** Opening Given information block **

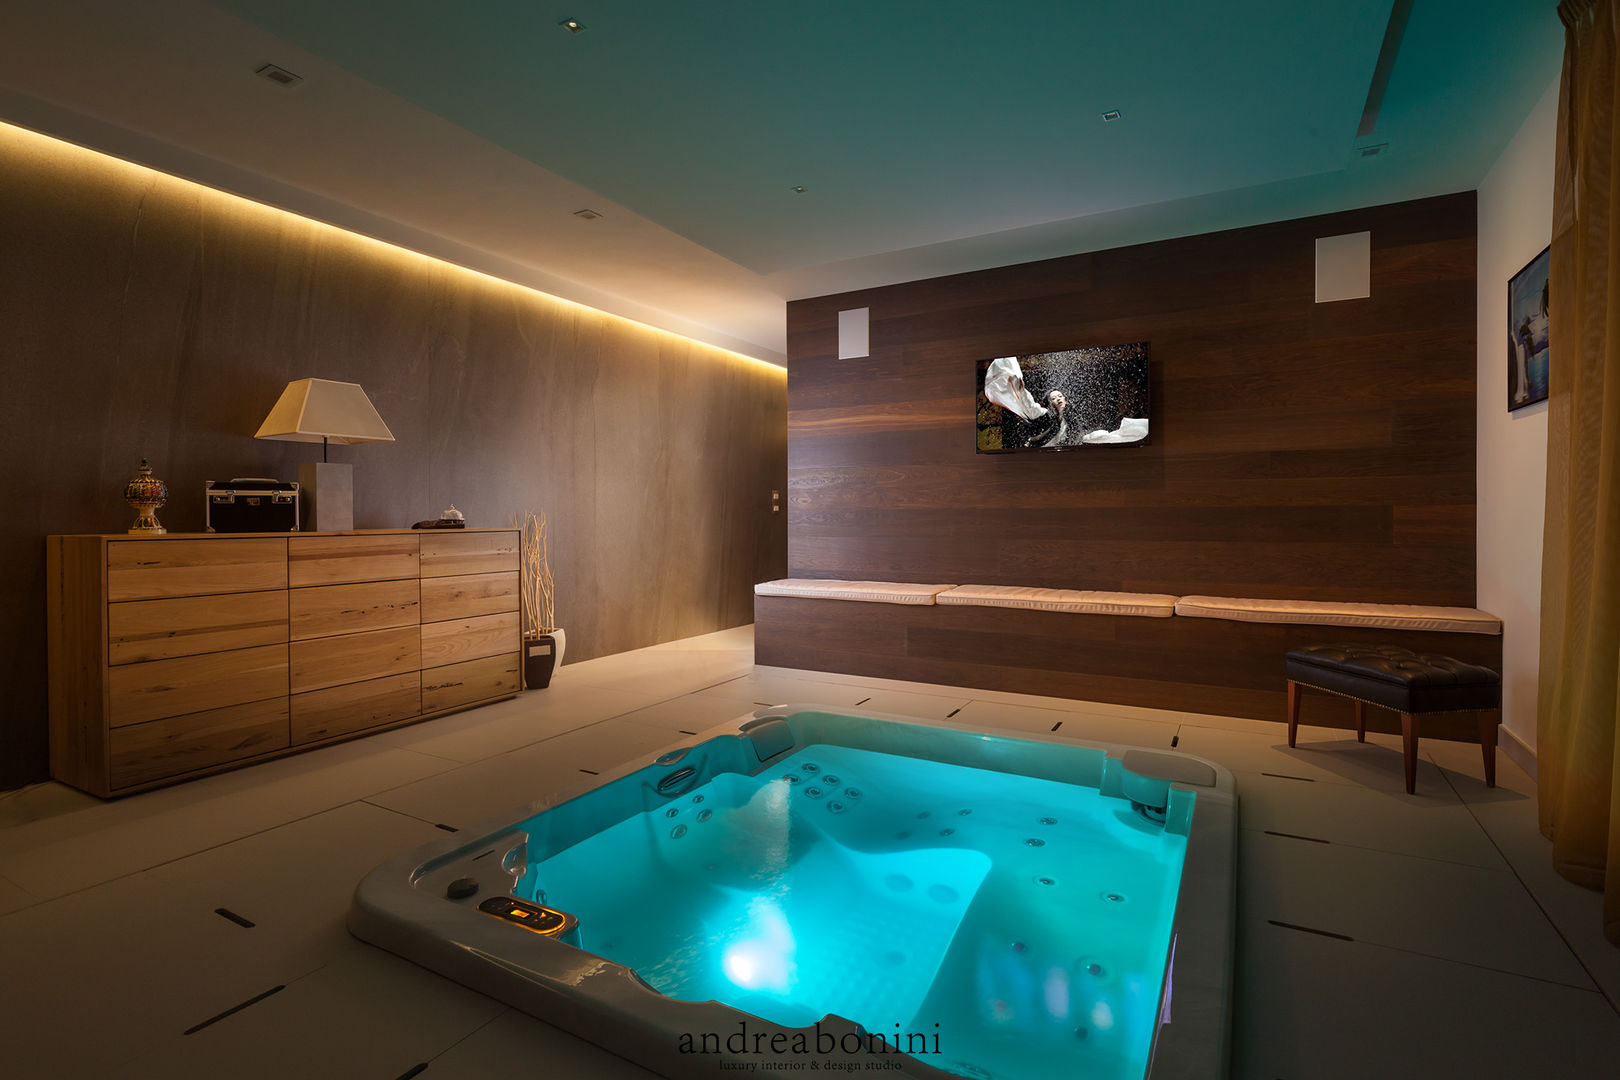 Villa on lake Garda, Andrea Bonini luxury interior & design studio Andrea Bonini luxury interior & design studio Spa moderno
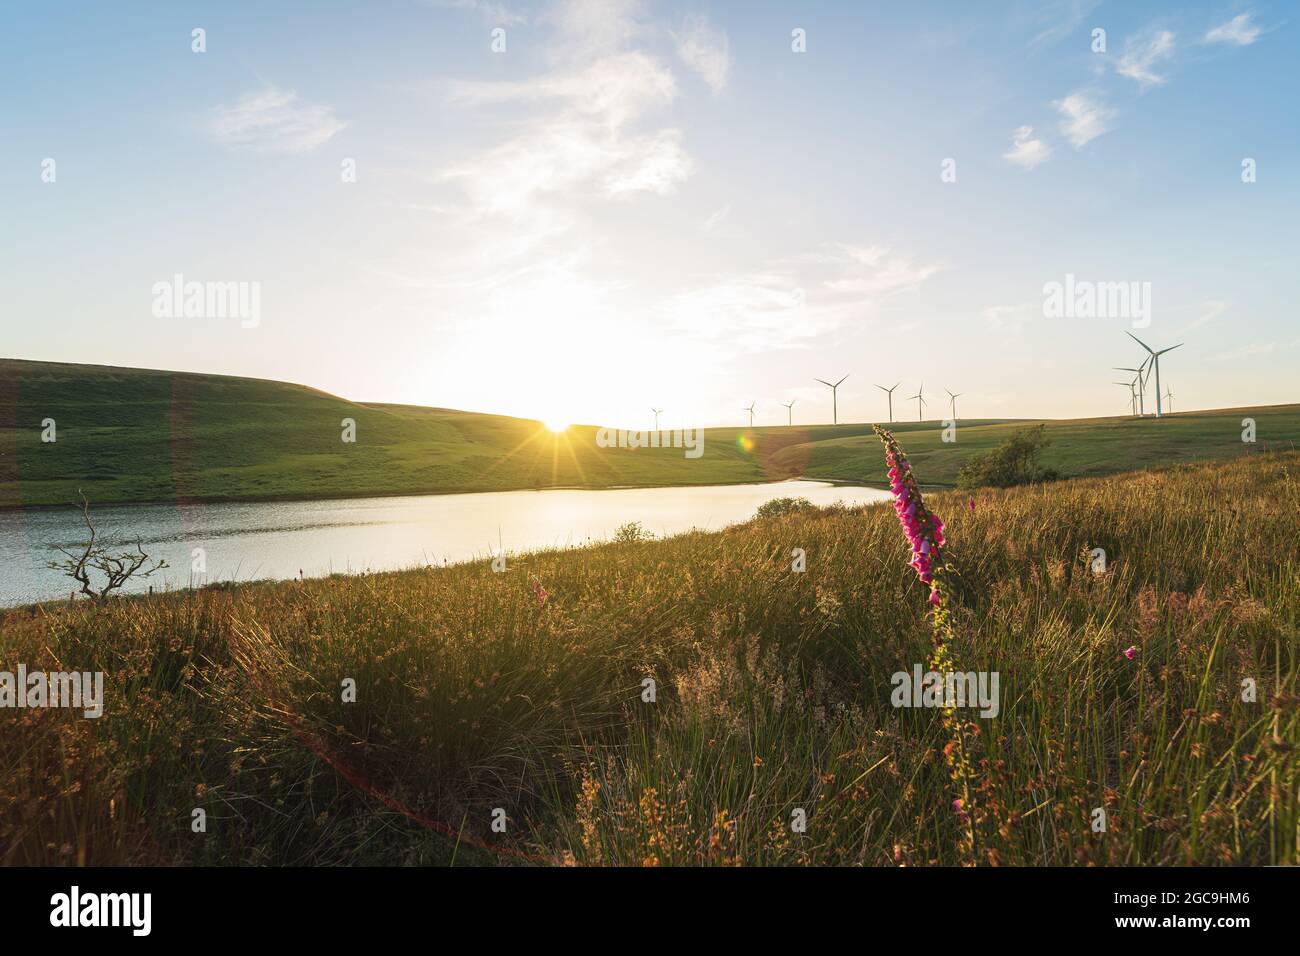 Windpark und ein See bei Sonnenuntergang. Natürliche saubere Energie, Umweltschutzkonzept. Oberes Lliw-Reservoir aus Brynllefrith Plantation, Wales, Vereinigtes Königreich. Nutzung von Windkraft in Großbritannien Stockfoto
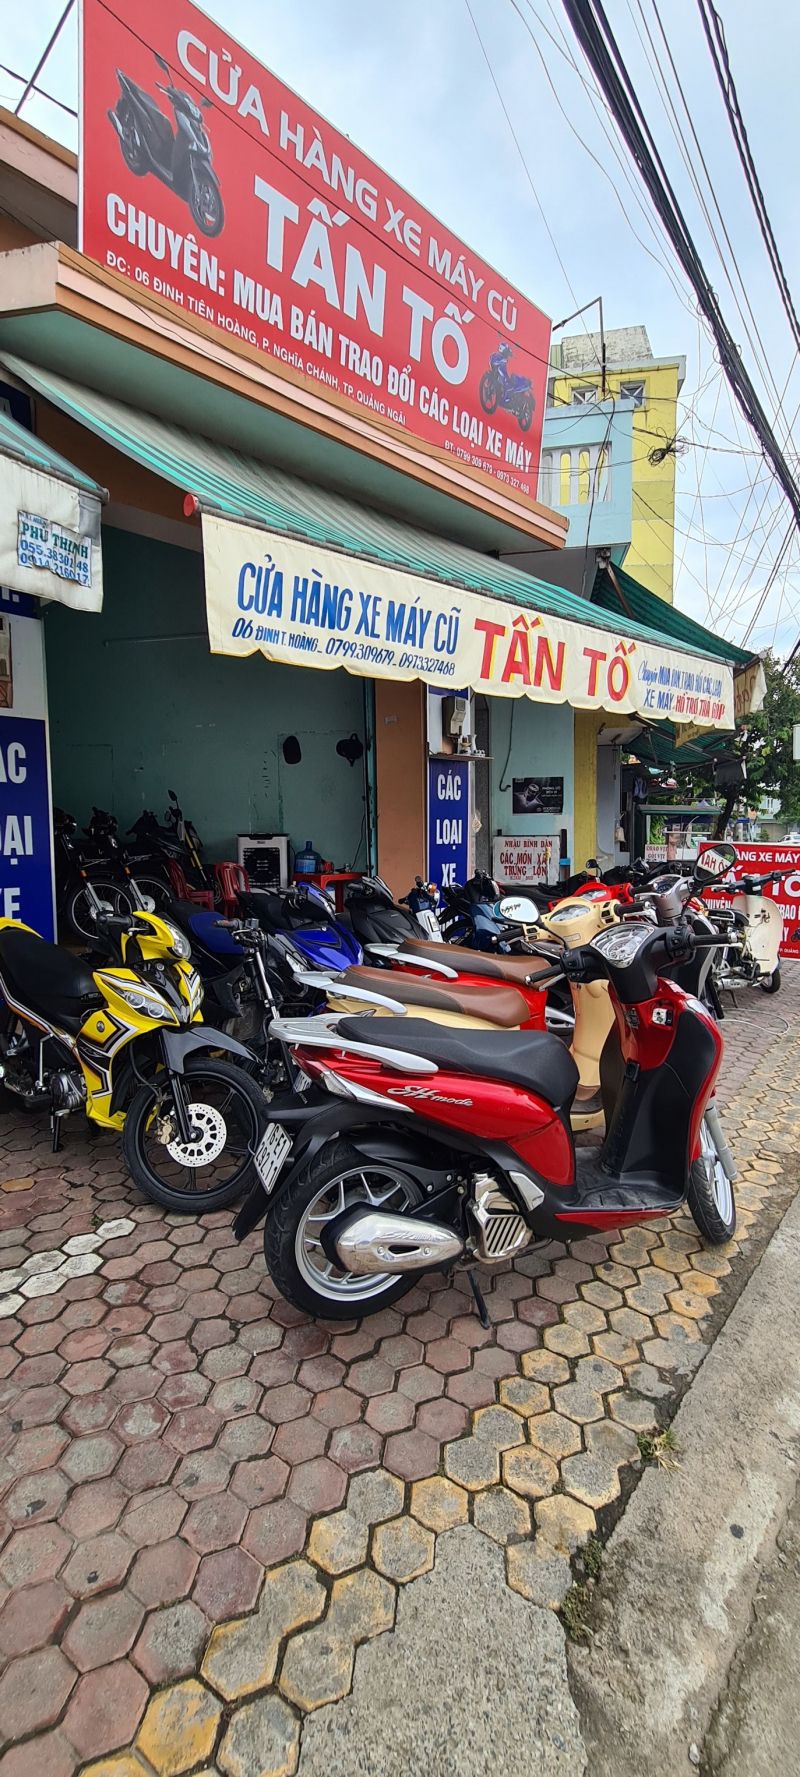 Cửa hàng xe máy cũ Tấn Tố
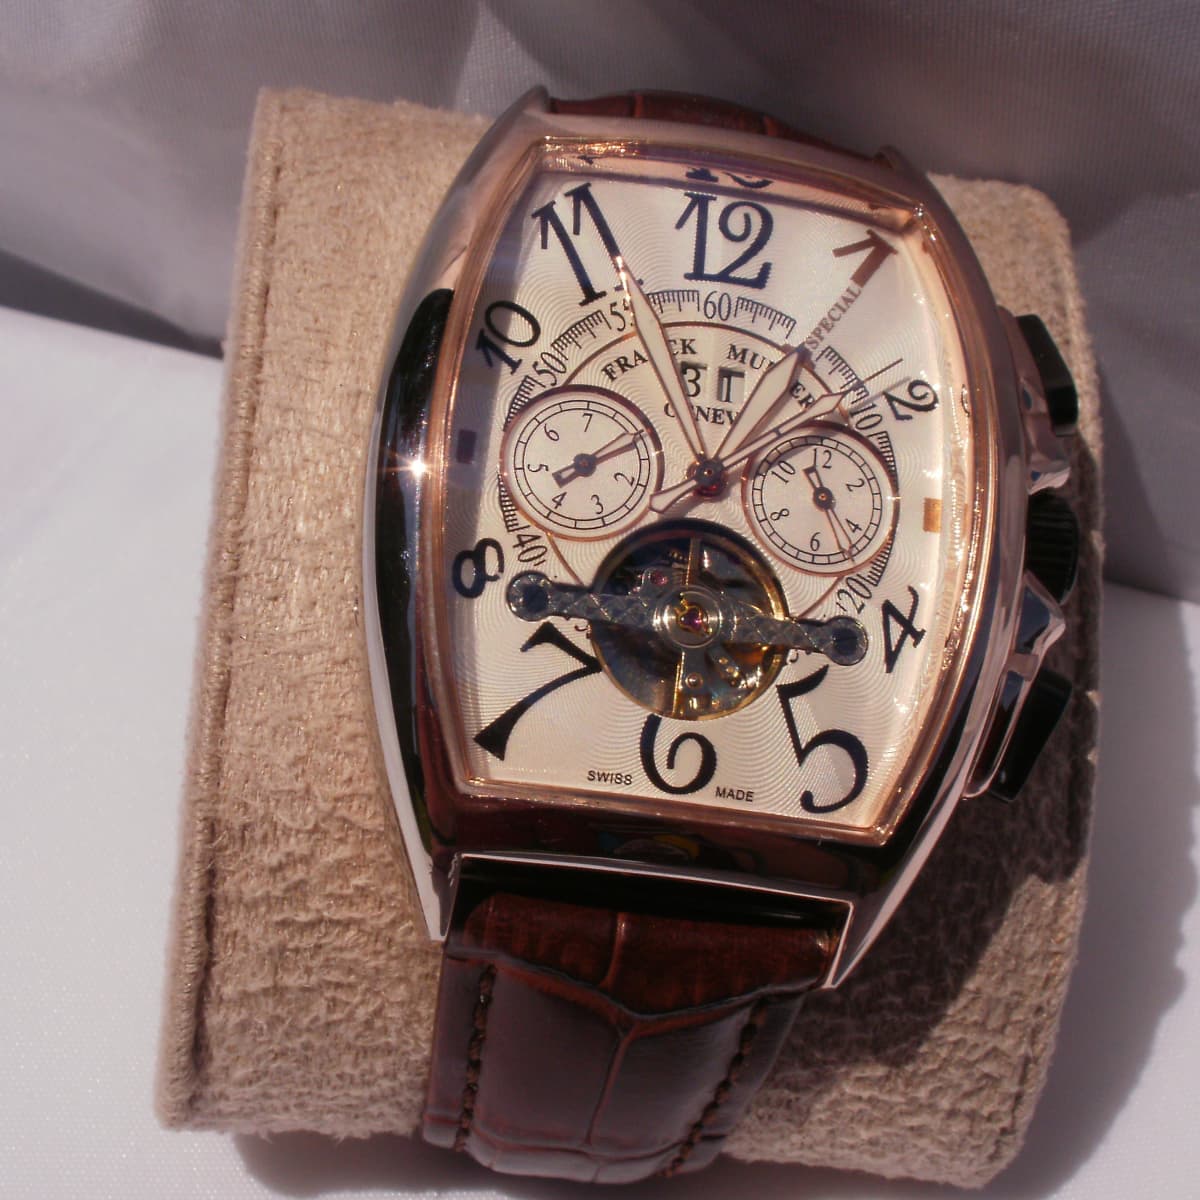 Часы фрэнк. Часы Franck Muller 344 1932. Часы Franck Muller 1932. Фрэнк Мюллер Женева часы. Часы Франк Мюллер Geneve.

** Closing Given information block **

#### Task prompt
Leave out the pictures, and please output only the lines from the line that contains "Cửa hàng xe máy cũ Tấn Tố" through the end of the data, both ends included.

#### Expected output
 Cửa hàng xe máy cũ Tấn Tố
 Часы фрэнк. Часы Franck Muller 344 1932. Часы Franck Muller 1932. Фрэнк Мюллер Женева часы. Часы Франк Мюллер Geneve.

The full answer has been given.